Tomato (Solanum lycopersicum)
- Maturity: 85 days
- Type: Heirloom
- Vine: Indeterminate
- Plant height: 1.8 metres (5 ft 11 in)
- Fruit weight: 110 grams (3.9 oz)
- Leaf: Regular leaf
- Color: Red (pink)
- Shape: Plum

= San Marzano tomato =

Tomato cultivar

The San Marzano tomato is a variety of plum tomato originating in Campania, Italy. It is known for its flavour and quality as a canning tomato. San Marzano production is protected by a European protected designation of origin (PDO) certification.

==Description==
Compared to the Roma tomato, San Marzano tomatoes are thinner and more pointed. The flesh is much thicker with fewer seeds, and the taste is stronger, sweeter, and less acidic.

The San Marzano vines are an indeterminate type and have a somewhat longer season than other paste tomato varieties, making them particularly suitable for warmer climates. As is typical of heirloom plants, San Marzano is an open-pollinated variety that breeds true from generation to generation, making seed saving practical for the home gardener or farmer.
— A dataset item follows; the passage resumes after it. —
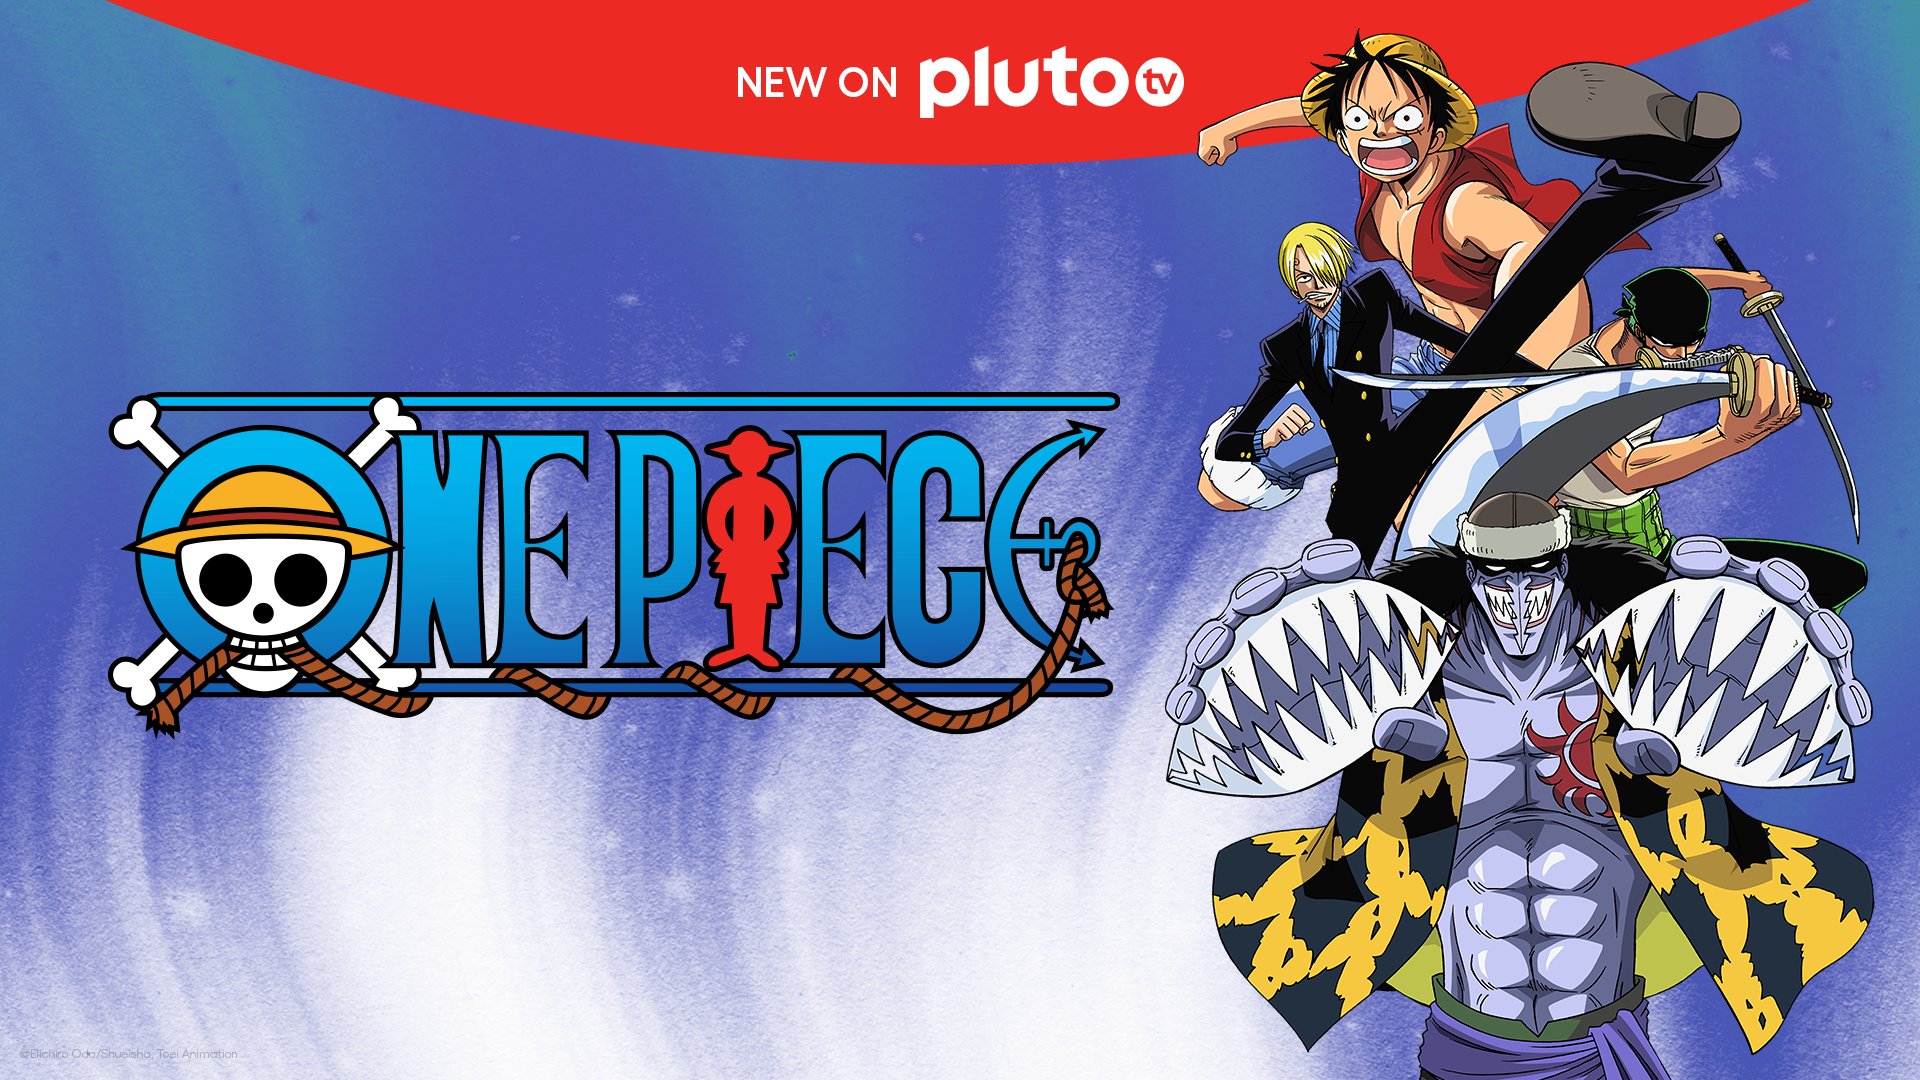 Pluto Tv The Global Anime Phenomenon Is Now A 24 7 Channel On Plutotv Join The One Piece Crew Of Straw Hat Pirates And Set A Course For Anime Adventure Ch
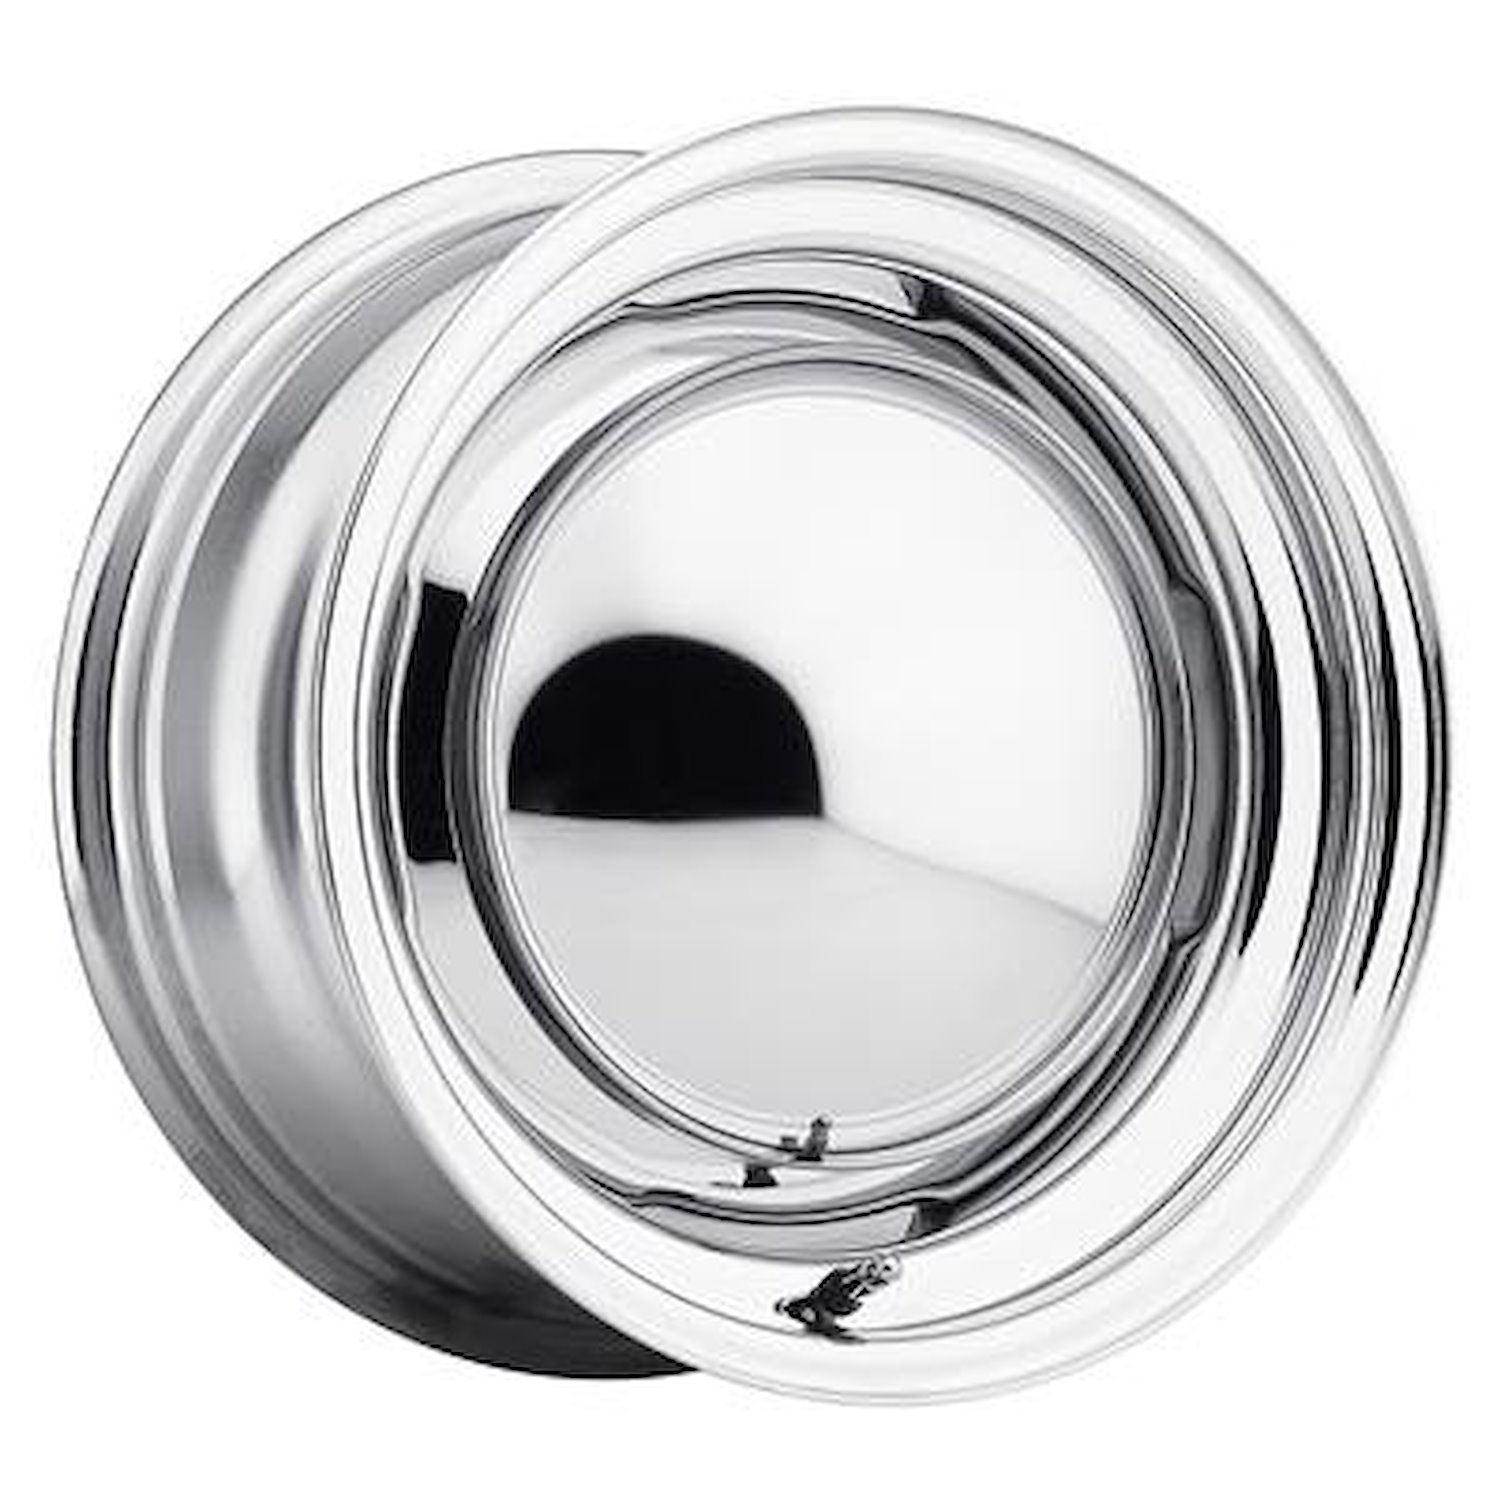 PAINT READY OEM 17X8 5X4.75 Back Space 0 Offset 2.875 Center Bore 1700 lbs Load Rating

==Commercial production and use==
Heirloom plant conservationist Amy Goldman Fowler calls the San Marzano "the most important industrial tomato of the 20th century"; its commercial introduction in 1926 provided canneries with a "sturdy, flawless subject, and breeders with genes they'd be raiding for decades". Although commercial production of the San Marzano variety is most closely associated with Italy, seeds for the variety are available worldwide. It is an heirloom variety. Canned San Marzanos, when grown in the Valle del Sarno ('Sarno Valley') in Italy in compliance with Italian law, can be classified as pomodoro di San Marzano dell'agro sarnese-nocerino and have the European Union PDO emblem on the label.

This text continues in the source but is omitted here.